Так благодаря ей с самого детства жизнь нашего героя соприкасается с искусством, а библиотекой становится для него собственный сад. Именно бабушка уговаривает его гулять в любую погоду, а потому, не желая отрываться от книги, он уходит под каштан, в маленькую плетеную беседку, где укрывается от чужих глаз. Там он читает сельские романы Жорж Санд, сочинения Стендаля, Бальзака и, конечно, Бергота — вымышленного автора, вместившего в себя черты прежде всего Анатоля Франса. Обратите особое внимание на его восхищение Берготом: его будет любопытно сравнить с впечатлениями Марселя, когда его представят Берготу лично.
Пока же мы видим, как зарождается другой автор — сам Марсель.
Писательский путь Марселя и его муки творчества — разорванность между желанием, потребностью и необходимостью писать, с одной стороны, и ощущением собственной неспособности к такому труду, с другой, — один из лейтмотивов романа.

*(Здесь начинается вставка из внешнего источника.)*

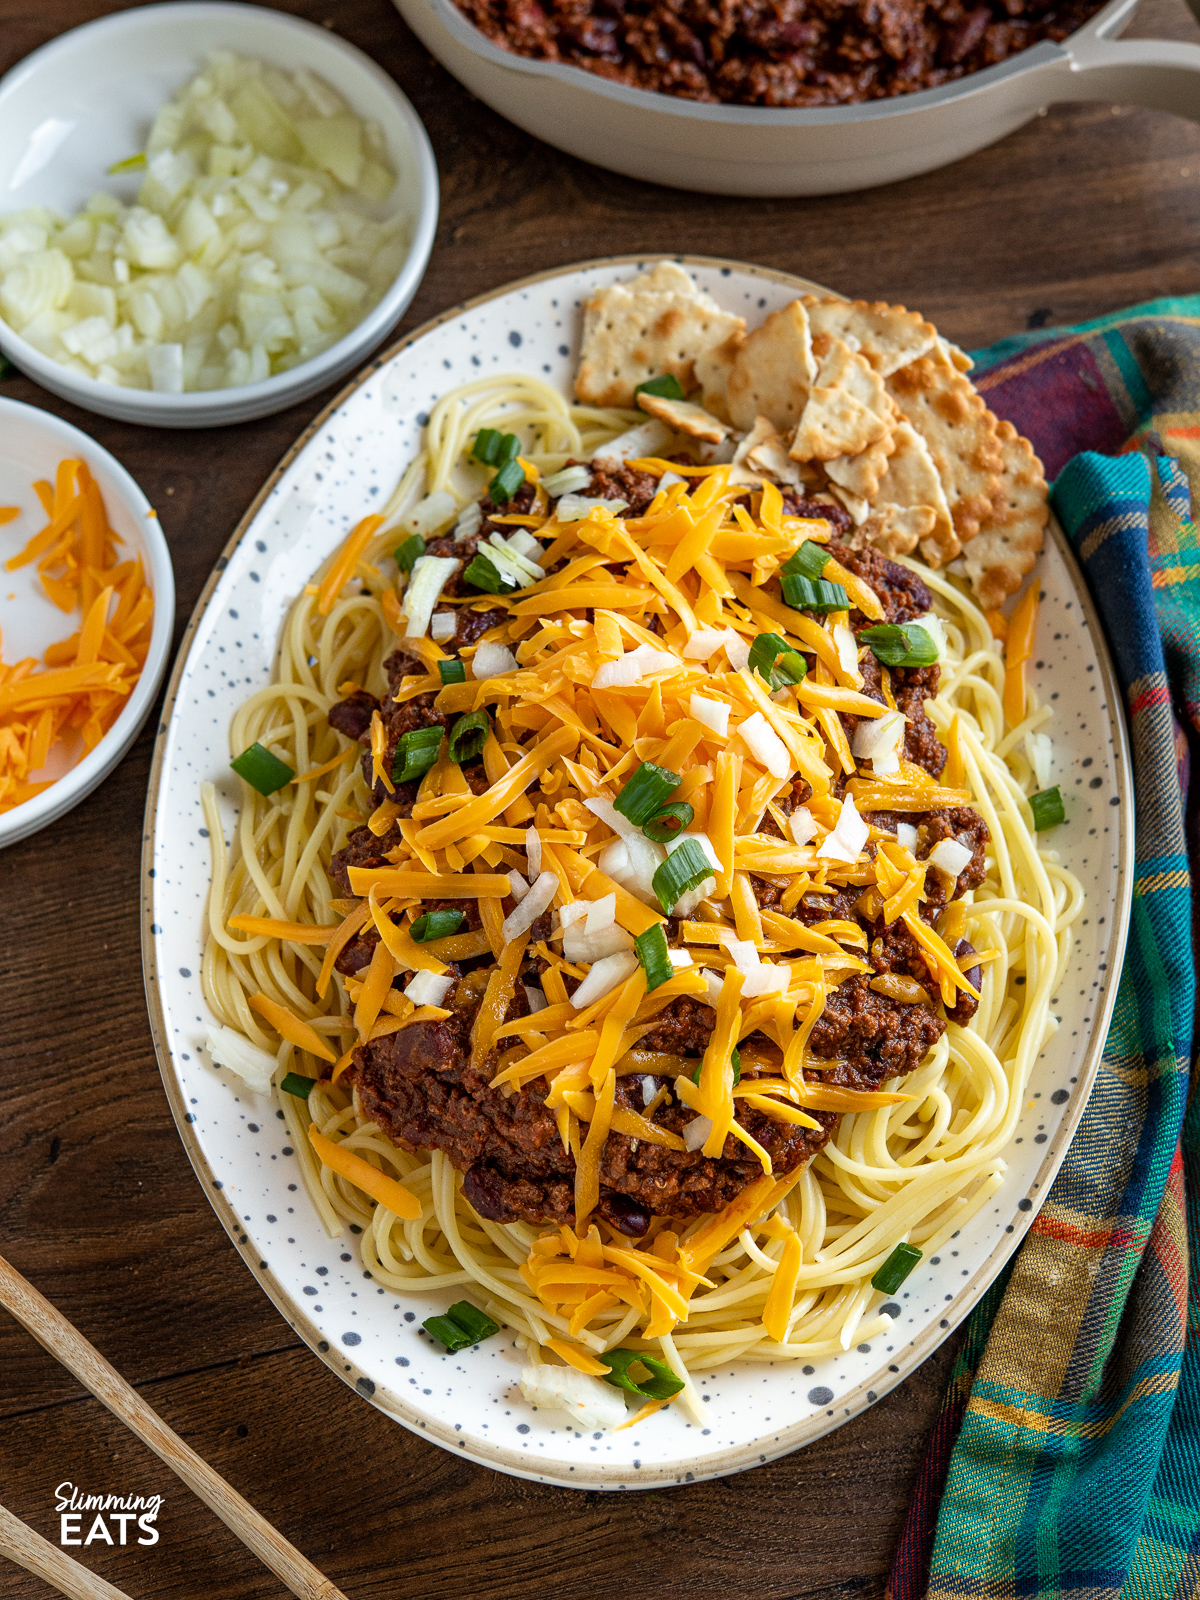 Cincinnati Chili on spotted oval plate with spaghetti and toppings of cheese, onions and salted crackers

Марсель в первом томе во многом повторяет положение самого Пруста. Всего пара десятков страниц может отделять мучительное признание в том, что “у меня нет способностей к литературе и я должен навсегда отказаться от надежды стать знаменитым писателем”, от подлинного ликования творца, превратившегося в курицу, снесшего яйцо и запевшего во все горло, — именно так Марсель отреагирует на свой текст о Мартенвилльских колокольнях: “Они напомнили мне трех девушек из легенды, которых бросили одних в наступающей темноте; и пока мы галопом летели все дальше и дальше, я видел, как они робко ищут дорогу и как их благородные силуэты, сделав несколько робких шагов в сторону, сбились в кучку, попрятались друг за дружку, замерли в розовом еще небе, словно одна темная, прелестная, смирившаяся фигура, и растаяли в ночи”.
Но, чу — из дальнего конца сада доносится звук. Все тут же начинают громко шушукаться: к нам гости, кто бы это мог быть? — но все уже знают, что это Шарль Сванн.
И под громкое дедово “Узнаю голос Сванна!” — мы отправляемся в столовую.
Столовая
Шарля Сванна в доме Марселя чаще всего будут узнавать по голосу, еще до того как перед семьей возникнет его лицо — нос с горбинкой, зеленые глаза, высокий лоб в ореоле белокурых, почти рыжих волос.
И хотя на авансцену романа Шарль Сванн выйдет во второй части первого тома, в “Любви Сванна”, но уже здесь, в первой, Прусту удается сообщить читателю эту мистическую, почти мифологическую тягу к фигуре Сванна.
Остроумный, но скромный и сдержанный, сын биржевого маклера еврейского происхождения (в будущем мы поймем, почему это важно), одновременно друг и семьи Марселя, и принца Уэльского, вхожий в обе эти стороны — буржуазную и аристократическую.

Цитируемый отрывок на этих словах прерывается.